Looking at the entries underneath, work out how many lines contain "Banque". Write only that number.

» **RECORDS SUPPLIED**
----------

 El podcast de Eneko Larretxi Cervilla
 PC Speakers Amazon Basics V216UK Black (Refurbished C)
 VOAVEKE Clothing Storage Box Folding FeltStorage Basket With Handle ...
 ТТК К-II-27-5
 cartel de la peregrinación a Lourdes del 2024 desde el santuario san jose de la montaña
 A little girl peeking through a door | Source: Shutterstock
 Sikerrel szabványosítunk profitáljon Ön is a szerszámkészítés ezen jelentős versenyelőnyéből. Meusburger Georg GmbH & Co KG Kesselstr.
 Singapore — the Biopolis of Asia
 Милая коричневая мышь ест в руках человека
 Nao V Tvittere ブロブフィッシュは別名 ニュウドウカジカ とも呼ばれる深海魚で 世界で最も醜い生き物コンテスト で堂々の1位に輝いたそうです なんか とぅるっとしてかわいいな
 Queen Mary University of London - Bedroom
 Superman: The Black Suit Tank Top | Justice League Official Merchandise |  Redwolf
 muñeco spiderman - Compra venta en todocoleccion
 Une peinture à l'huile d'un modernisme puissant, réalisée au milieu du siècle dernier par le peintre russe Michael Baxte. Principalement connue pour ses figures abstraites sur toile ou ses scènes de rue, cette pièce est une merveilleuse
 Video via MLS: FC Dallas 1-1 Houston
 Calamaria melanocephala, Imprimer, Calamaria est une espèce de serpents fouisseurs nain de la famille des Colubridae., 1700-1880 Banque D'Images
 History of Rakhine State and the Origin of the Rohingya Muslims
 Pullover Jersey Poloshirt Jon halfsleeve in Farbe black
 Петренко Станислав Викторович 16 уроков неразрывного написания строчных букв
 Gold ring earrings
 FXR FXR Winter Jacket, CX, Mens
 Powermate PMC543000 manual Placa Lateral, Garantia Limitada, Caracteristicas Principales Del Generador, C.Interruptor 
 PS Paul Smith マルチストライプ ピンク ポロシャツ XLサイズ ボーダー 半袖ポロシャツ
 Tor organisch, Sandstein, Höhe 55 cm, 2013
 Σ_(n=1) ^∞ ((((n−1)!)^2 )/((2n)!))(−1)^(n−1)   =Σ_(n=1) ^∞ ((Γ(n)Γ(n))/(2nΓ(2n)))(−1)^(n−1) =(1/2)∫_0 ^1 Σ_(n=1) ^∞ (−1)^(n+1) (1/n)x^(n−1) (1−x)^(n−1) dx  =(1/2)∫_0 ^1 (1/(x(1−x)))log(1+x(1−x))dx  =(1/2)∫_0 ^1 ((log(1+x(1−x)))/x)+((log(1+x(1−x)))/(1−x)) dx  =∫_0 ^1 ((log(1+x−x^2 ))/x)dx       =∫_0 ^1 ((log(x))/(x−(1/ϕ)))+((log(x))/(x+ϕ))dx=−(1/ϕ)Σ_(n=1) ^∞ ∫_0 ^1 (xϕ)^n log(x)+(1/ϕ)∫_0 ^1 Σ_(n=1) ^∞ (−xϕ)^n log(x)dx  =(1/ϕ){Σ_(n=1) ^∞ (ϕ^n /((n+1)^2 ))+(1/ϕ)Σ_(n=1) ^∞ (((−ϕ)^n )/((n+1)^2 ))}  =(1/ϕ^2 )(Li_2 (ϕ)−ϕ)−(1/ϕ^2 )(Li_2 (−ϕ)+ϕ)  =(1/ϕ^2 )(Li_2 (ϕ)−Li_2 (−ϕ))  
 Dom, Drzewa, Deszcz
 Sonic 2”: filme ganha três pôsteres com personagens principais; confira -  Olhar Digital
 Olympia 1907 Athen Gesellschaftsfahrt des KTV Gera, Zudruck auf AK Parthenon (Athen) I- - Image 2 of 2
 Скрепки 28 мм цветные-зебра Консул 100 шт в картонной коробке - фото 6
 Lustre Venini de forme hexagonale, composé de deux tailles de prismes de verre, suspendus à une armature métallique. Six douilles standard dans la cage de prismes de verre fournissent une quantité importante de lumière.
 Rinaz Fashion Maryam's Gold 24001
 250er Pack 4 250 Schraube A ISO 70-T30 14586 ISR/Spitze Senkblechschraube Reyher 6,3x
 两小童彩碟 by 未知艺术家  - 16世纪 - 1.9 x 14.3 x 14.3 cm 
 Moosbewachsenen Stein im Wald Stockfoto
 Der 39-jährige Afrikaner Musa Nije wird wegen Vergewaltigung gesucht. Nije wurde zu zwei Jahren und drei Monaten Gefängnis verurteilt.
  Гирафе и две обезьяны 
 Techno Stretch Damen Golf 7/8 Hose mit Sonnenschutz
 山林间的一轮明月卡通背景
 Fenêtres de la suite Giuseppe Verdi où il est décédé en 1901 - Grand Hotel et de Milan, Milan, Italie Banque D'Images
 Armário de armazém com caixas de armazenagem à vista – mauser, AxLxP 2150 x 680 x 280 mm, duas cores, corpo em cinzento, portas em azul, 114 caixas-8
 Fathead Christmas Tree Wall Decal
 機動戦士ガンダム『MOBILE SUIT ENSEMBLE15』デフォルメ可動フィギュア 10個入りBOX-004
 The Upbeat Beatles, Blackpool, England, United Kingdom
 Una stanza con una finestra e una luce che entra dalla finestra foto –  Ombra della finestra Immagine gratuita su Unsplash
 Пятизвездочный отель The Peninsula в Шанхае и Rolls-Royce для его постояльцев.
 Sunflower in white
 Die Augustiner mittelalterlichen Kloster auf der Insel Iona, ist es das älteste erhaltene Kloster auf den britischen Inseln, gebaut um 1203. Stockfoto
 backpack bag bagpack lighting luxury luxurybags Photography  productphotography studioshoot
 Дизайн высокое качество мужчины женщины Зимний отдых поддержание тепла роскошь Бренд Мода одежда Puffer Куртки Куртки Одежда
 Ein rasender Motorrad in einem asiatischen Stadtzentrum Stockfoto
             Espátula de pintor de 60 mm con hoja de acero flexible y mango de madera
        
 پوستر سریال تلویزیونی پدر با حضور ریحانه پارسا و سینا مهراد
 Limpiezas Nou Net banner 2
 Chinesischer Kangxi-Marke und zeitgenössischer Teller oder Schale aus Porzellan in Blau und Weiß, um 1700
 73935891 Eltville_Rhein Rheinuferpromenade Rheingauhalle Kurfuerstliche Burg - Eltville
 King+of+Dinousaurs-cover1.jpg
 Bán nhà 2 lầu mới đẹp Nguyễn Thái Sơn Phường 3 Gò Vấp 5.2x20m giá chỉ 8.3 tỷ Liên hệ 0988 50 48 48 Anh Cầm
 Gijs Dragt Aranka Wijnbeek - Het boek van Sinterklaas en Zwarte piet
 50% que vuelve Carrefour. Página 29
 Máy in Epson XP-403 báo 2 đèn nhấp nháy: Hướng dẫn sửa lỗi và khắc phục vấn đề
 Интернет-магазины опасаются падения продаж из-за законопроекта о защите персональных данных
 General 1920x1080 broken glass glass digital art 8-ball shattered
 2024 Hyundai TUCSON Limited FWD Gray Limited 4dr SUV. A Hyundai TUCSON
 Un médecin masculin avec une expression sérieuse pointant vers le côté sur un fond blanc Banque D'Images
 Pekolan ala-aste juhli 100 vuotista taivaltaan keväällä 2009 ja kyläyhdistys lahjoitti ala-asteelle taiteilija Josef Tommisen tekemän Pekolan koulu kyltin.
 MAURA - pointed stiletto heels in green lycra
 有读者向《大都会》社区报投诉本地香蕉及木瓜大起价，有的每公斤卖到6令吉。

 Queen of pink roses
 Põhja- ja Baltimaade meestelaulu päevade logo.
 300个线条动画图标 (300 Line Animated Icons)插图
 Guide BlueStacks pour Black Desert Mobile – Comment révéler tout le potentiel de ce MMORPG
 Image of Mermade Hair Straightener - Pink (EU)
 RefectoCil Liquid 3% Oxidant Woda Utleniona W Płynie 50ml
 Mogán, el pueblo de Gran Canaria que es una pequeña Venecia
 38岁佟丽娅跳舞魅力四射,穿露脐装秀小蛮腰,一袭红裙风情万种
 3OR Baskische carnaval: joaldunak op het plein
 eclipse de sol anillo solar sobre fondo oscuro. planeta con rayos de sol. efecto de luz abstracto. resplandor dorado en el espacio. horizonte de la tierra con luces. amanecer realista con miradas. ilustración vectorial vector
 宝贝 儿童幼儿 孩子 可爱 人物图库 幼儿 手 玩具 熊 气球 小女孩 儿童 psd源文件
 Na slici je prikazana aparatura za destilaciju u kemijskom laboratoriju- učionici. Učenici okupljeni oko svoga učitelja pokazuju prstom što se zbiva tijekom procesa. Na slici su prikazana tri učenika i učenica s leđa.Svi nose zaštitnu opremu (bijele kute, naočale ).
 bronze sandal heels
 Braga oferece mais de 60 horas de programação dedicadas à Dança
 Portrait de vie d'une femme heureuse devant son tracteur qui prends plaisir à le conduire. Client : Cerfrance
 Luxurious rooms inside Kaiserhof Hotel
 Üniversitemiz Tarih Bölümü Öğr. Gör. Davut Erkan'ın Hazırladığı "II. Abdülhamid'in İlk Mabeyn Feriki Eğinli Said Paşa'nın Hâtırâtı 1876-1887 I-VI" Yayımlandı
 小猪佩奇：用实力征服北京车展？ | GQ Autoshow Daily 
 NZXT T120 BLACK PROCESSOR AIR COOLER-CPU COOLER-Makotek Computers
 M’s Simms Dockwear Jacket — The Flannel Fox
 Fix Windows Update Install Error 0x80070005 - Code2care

----------

» **REPLY**
3